Furthermore, the X-squared value, as seen below, is higher than the critical value so the null hypothesis can be rejected.
```{r, echo=T}
qchisq(.05, 2, lower.tail = FALSE)
```
# Question 7
The data for question 7 is shown below. Each tuition value is the per-pupil cost in thousands of dollars for cyber charter school tuition.
```{r, echo=T}
data7 <- read_xlsx("_data/homework_2_data.xlsx", sheet = "Question 7")
kable(data7) %>%
kable_styling()
```
The null hypothesis for question 7 is that the mean cyber charter school tuition cost per-pupil is the same in all areas. The test that should be used to determine if we can reject the null hypothesis is an ANOVA. This test has been chosen as it's used to compare the means of two or more independent groups.
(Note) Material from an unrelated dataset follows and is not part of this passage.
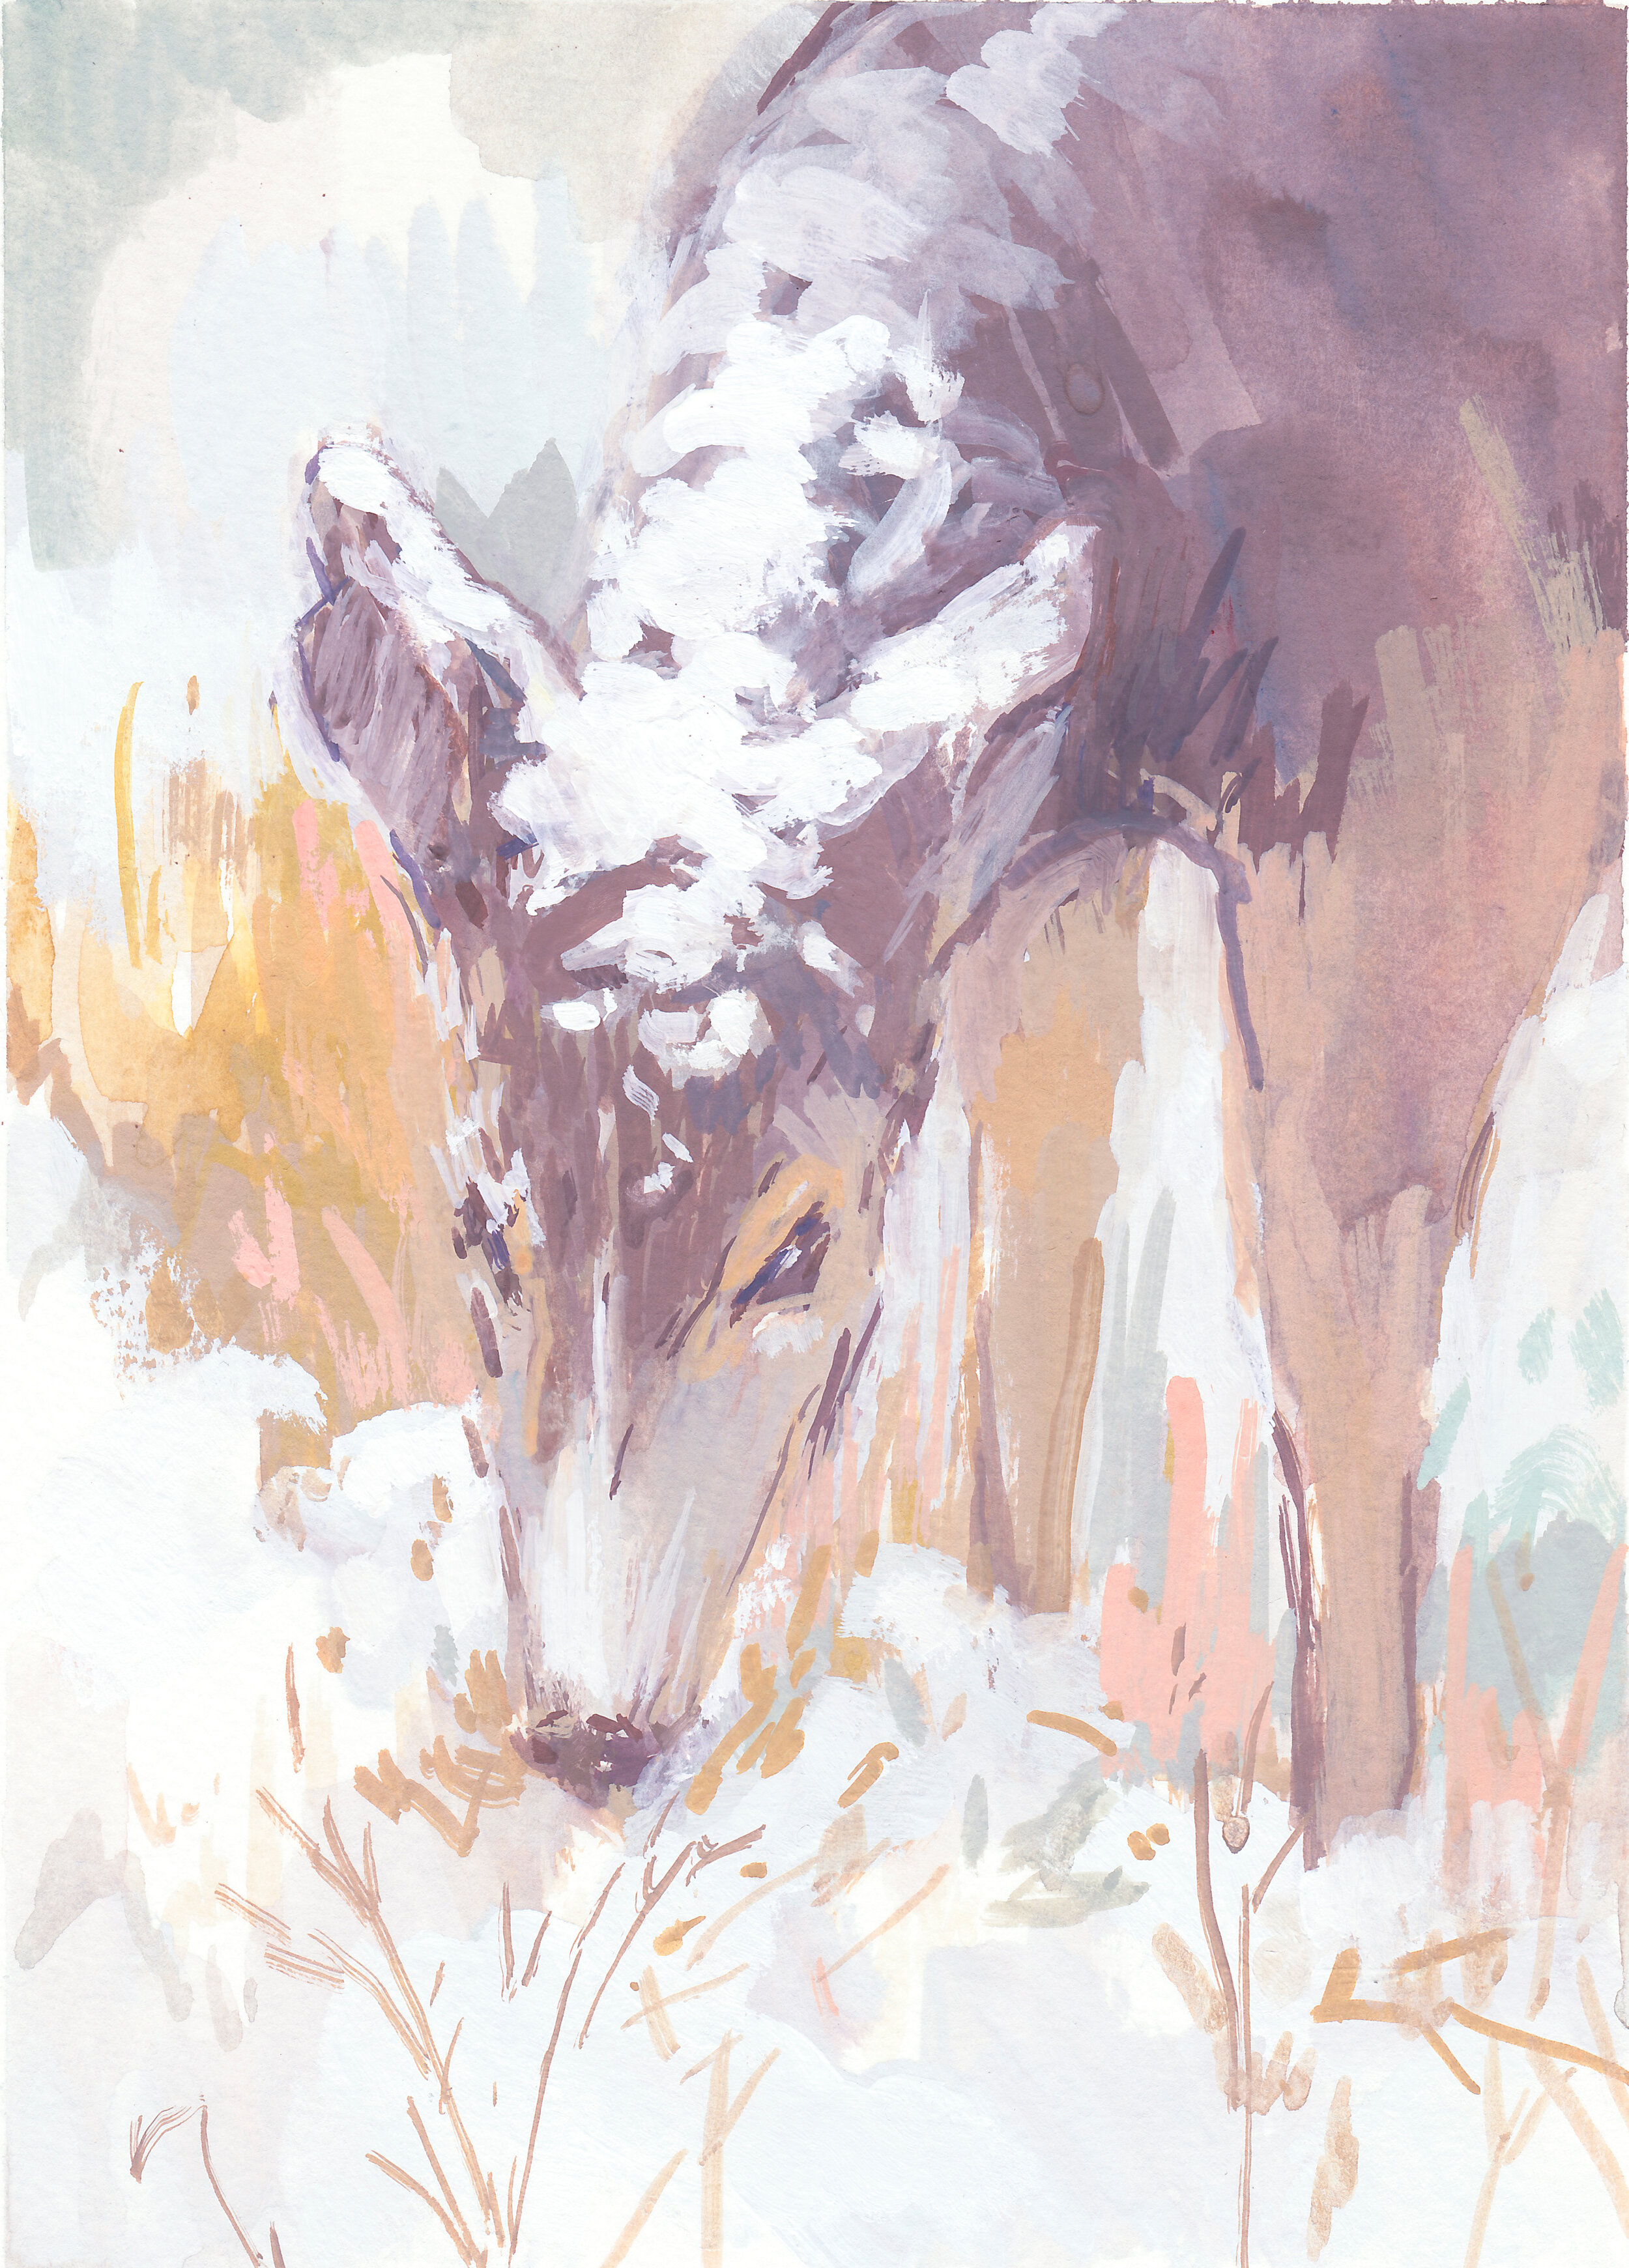    winter deer   gouache on paper 8 x 6” 2016  private collection Wyoming  prints available for purchase

The results of the test are shown below.
```{r, echo=T}
ANOVA7 <- aov(tuition ~ area, data = data7)
summary(ANOVA7)
ggplot(data7, aes(x = area, y = tuition, color=area))+
geom_boxplot() +
ylab("tuition") +
xlab("area")
```
We can reject the null hypothesis because the p-value, Pr(>F), is less than .05. This tells us that at least one area has a tuition mean that is different from the others.